Lo peor vino después, en el vestidor, donde comunicó a su mánager que le dolía la cabeza… para enseguida desmayarse. Lo llevaron al hospital. Entró en coma. Mientras agonizaba, el gobernador de California dijo que propondría la abolición total del pugilismo en ese estado; el papa Juan XXIII fue de la misma opinión, aunque no sólo en California.
Ultiminio se comportó como un caballero. Fue el hospital, a saber del estado de salud de Moore; habló con la esposa de su rival, Geraldine, quien le dijo, como perdonándolo: “Dedíquese por completo a su carrera y olvídese de esto. Ha sido un golpe del destino y nada más”.
El martes 26 de marzo, en la madrugada (2:20 hora de Los Ángeles, 4:20 hora de México), ocurrió el deceso. Según el parte médico, fue el choque contra una cuerda inferior lo que lo hirió de muerte, aunque hubo golpes al mentón que contribuyeron al desenlace.
Luego de ese combate la carrera de Ultiminio declinó… Se entretuvo unos años en la música, pues, como buen cubano, la traía por dentro.

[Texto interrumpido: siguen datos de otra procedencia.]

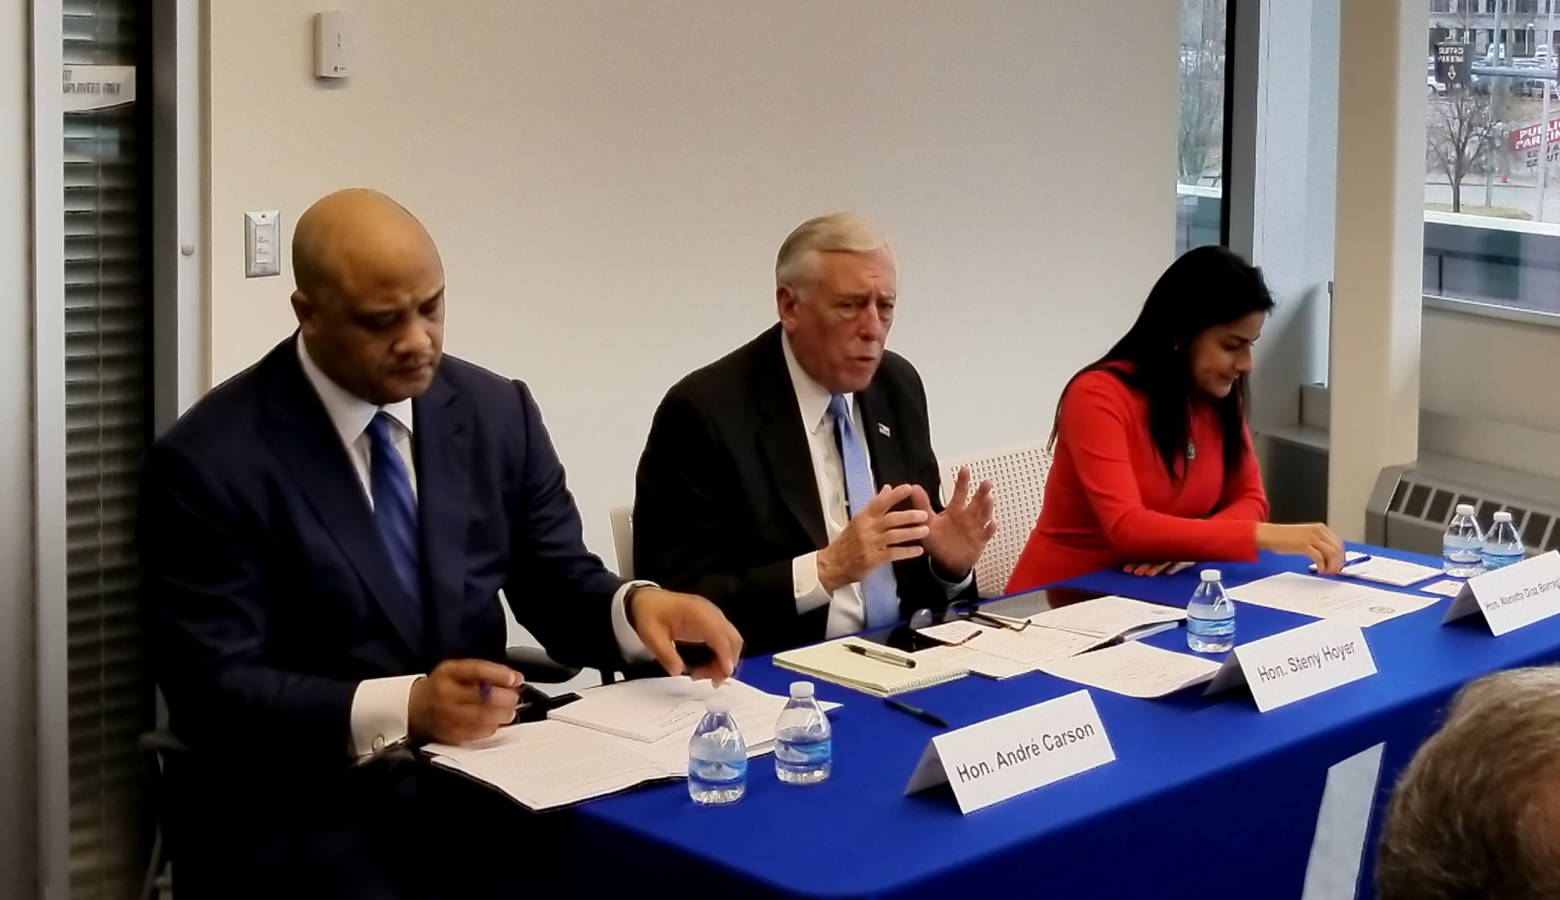 Reps. Andre Carson (D-Ind.), Steny Hoyer (D-Md.) and Rep. Nanette Barragán (D-Calif.) stop in Indianapolis on their "Make It In America Tour." (Samantha Horton/IPB News)
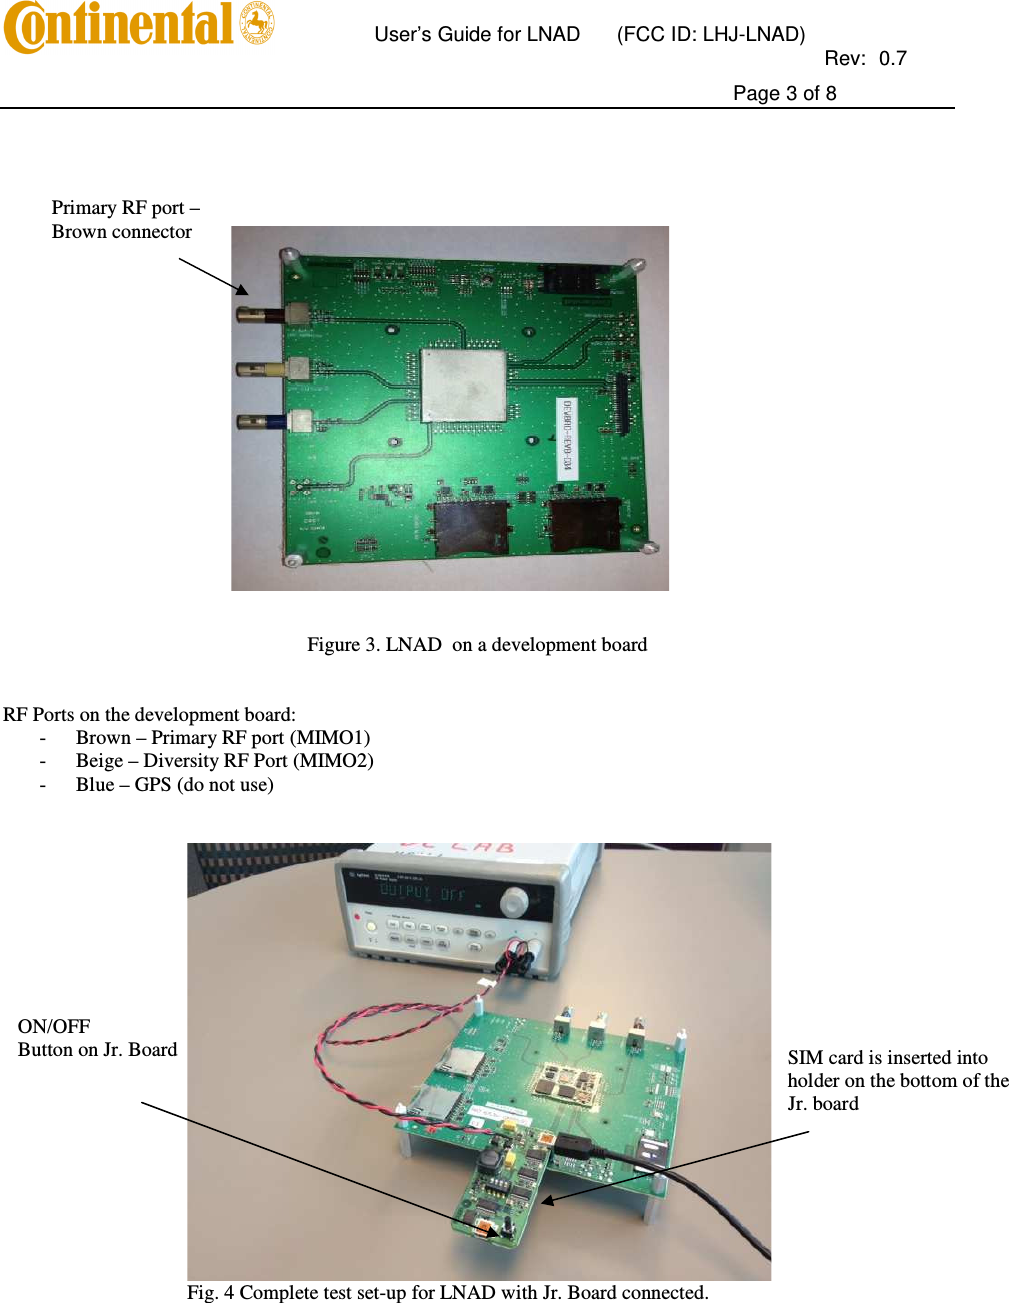       User’s Guide for LNAD  (FCC ID: LHJ-LNAD)          Rev:  0.7     Page 3 of 8     Figure 3. LNAD  on a development board   RF Ports on the development board: - Brown – Primary RF port (MIMO1) - Beige – Diversity RF Port (MIMO2) - Blue – GPS (do not use)    Fig. 4 Complete test set-up for LNAD with Jr. Board connected.   Primary RF port –  Brown connector ON/OFF  Button on Jr. Board  SIM card is inserted into holder on the bottom of the Jr. board

Como un consuelo, quizá.
—¿Sabes qué es lo que pasa? —preguntaba a quien se acercaba a saludarlo.
—No, Ultiminio, ¿qué es lo que pasa?
—Lo que no se atora, eso es lo que pasa.
Tercer combate
Y no este septiembre, sino varias décadas atrás, en los años cuarenta del siglo pasado, en un campo de concentración para gitanos fue asesinado el boxeador alemán Johann Trollmann (1907-1943), de quien Dario Fo escribió una novela, El campeón prohibido (Razza di zingaro, 2015), publicada este año en español por Siruela.
Trollmann era sinta, una tribu gitana europea. Ello lo marca como boxeador, pues le da primero un curioso movimiento de piernas que venía de los bailes gitanos, desplantes naturales en él; y por otro lado sus orígenes serán definitivos en una época en que dominaron los prejuicios raciales a la hora de avanzar, o no, en su carrera.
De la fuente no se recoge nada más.